There is an urgent need for a technology to rapidly and cost-effectively analyze genomic DNA for the presence of cancer-related rearrangements, especially those large rearrangements for which no efficient detection method exists. Here we propose the development of a new assay that would make possible very rapid and low cost identification and quantification of rearrangements in genomic DNA without the need for cell culturing, microscope scoring, or sequence amplification. If successfully developed, the assay would detect target sequences located any distance from each other as long as they are both on the same contiguous nucleic acid fragment. The ability to work with large fragments greatly increases the detectability of such rearrangements and hence would provide a powerful tool for cancer diagnostics, research, and screening. Based on our preliminary studies, the assay would require only seconds to """"""""score"""""""" the number of chromosomal translocations typically taking weeks or even months of very costly technician time by available cytogenetic methods. The goal of this Phase I proposal is to demonstrate assay feasibility by developing reliable detection of DNA rearrangements in a model system, i.e., large genomic rearrangements in breast cancer (BRCA) genes previously evaluated by Myriad Genetics. Importantly, this work will be performed in close collaboration with Myriad Genetics, the world's foremost experts in breast cancer genetics.

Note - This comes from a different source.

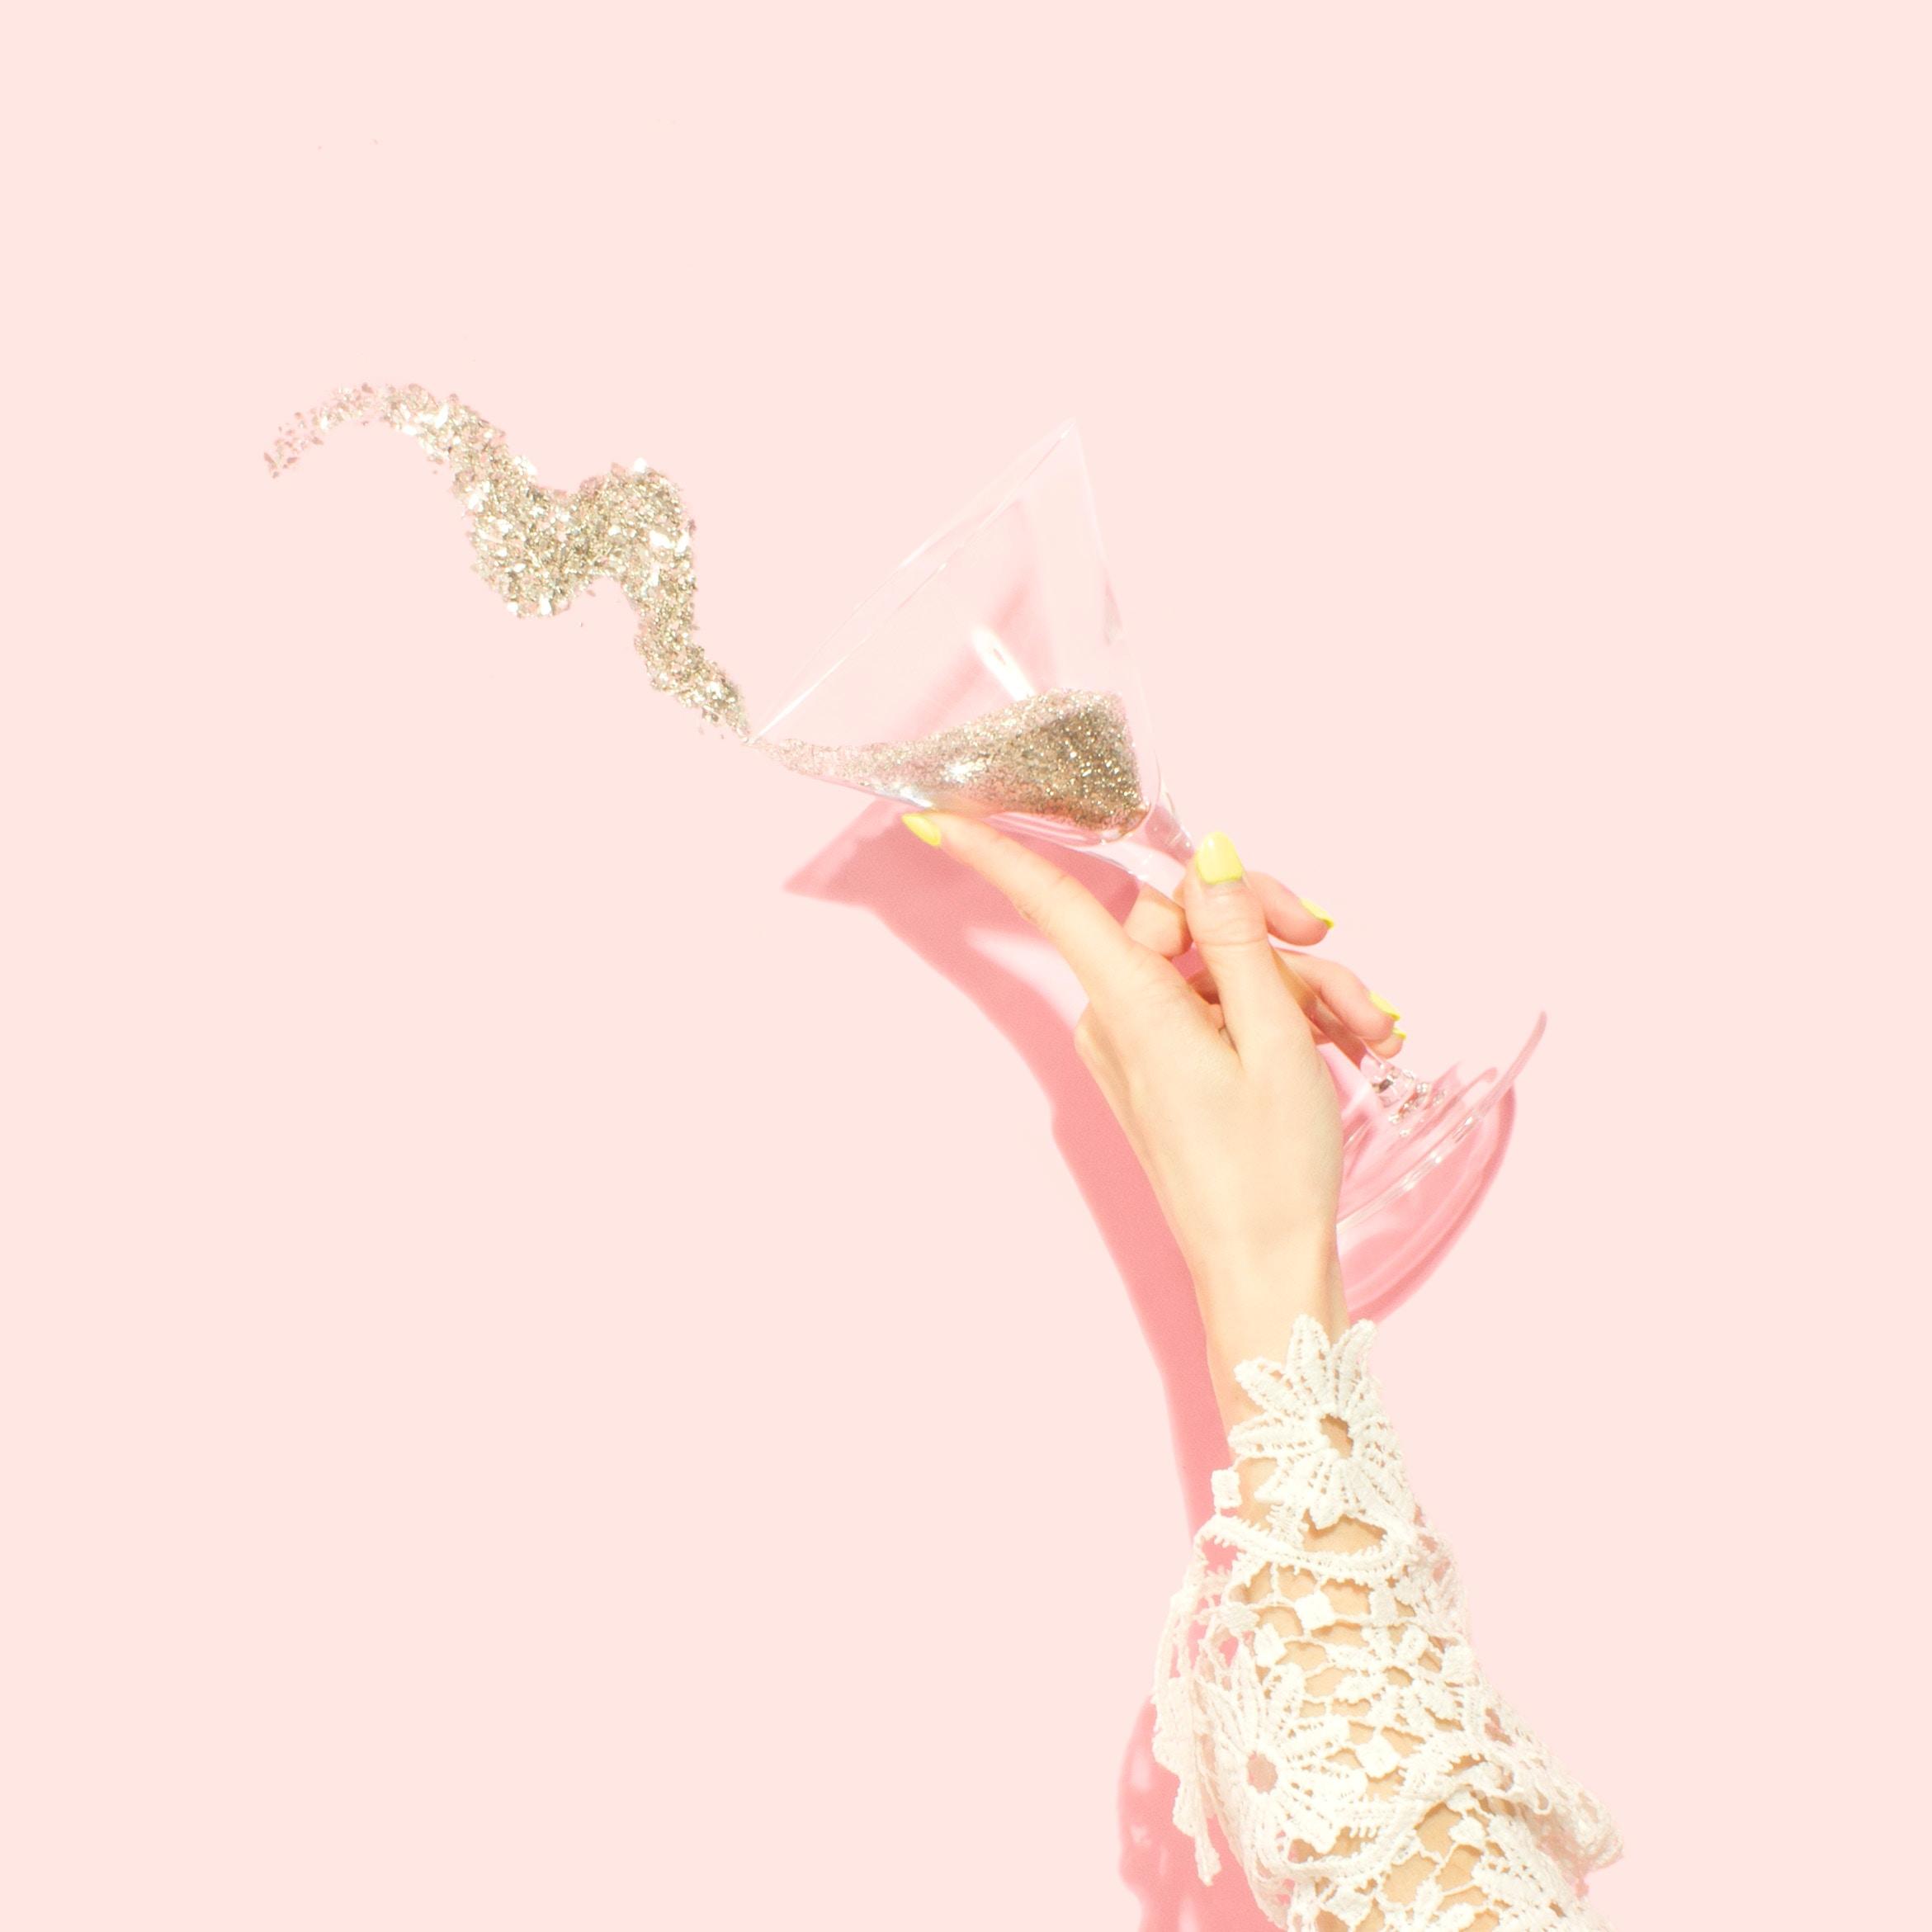 Martini glitter background by Amy Shamblen

The specific aims of this Phase I proposal are: (1) to construct the assay components for detection of large rearrangements in BRCA genes and (2) to use these components/reagents to evaluate assay performance. Acceptable performance is defined as reliable detection of the selected target rearrangement in blind solutions of genomic DNA.
It is anticipated that the various embodiments of this technology will result in a number of products and services, including: testing for cancer (and other diseases) by efficiently identifying specific rearrangements; testing for prior radiation or chemical exposures; testing for patient response (and recurrence) to cancer treatments; R&D method (service) for determining correlation of disease with currently unidentified translocations; screening genomic DNA samples for the identification of previously unknown rearrangements that may be linked to cancer; kits for laboratory and research use; add-on instruments specifically for laboratory use (e.g. designed for use with kits); and instrumentation designed for fieldable assay formats.